You need to choose whether $A$ or $B$ is your dependent/explained/left-hand-side/$y$-variable. Let's say $B$ is the variable you want to explain, and $A$ is the variable with which you explain $B$. So now you can write the regression as:
$\ln(Odds(B=1|A))= \beta_0+\beta_1A$
So $\beta_0$ is a constant, so it is the log odds of $B$ being 1 when all $x$-variables (in this case just $A$) equal 0. The odds is the number of successes per failure, which in your example is $\frac{44}{443}\approx0.10$. Taking the log of that will give us $\beta_0$, which for your table is approximately $-2.3$.

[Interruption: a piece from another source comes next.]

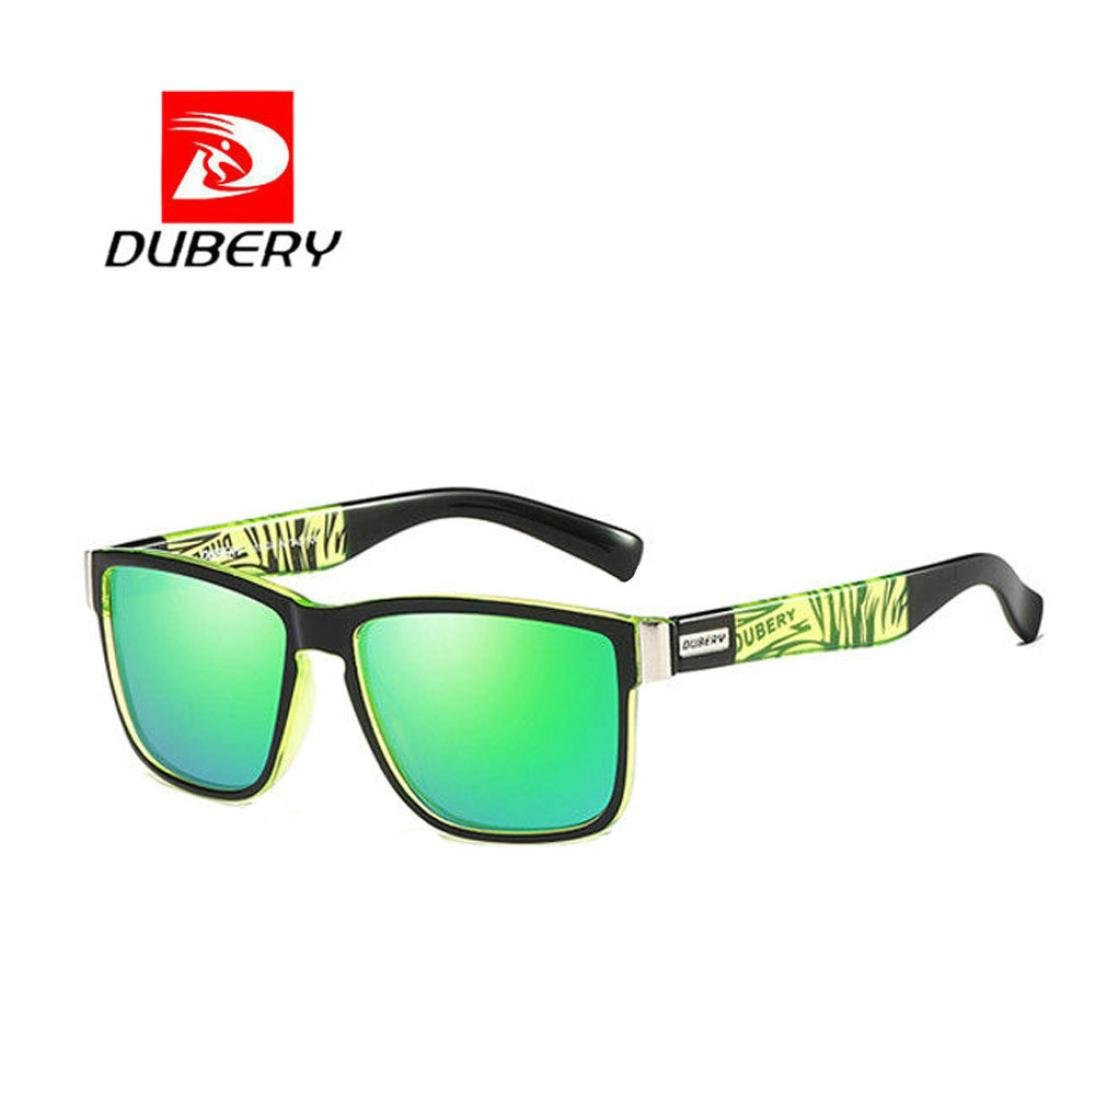 3ab47c7912 DUBERY Sunglasses Men s Polarized Sunglasses Outdoor Driving Men Women  Sport Frame Fishing Hunting Boating Glasses New

$\beta_1$ is the log odds ratio. The odds ratio is, as the name suggest, a ratio of odds. It answers the question, by what factor does the odds change for a unit increase in $x$. The odds was $\frac{44}{443}$ when $A$ was 0, and the odds is $\frac{27}{95}$ when $A$ is 1, so odds changes by a factor $\frac{\frac{27}{95}}{\frac{44}{443}} = \frac{27\times443}{95\times44}\approx2.9$. So the odds of $B=1$ is almost three times larger for the group $A=1$ compared to the group $A=0$. Taking the log of the odds ratio will give is $\beta_1$, in this case approximately $1.1$
These manual computation were possible because this is a so called saturated model; the model will exactly reproduce the cell counts. If, for example, we added a second explanatory variable but not the interaction, then this would no longer be a saturated model, and we would have to use an iterative algorithm to find the maximum likelihood estimates of the parameters.
In your question you referred to just using $A$, and shown the marginal distribution of $A$. That would be equivalent to a logistic regression with only a constant and no explanatory variables. This too is a saturated model, and the constant in that model is the log of the odds you estimated.
Edit, response to edit in original question
What you found is correct: the odds ratio is symmetric. This property is for example used in case control studies.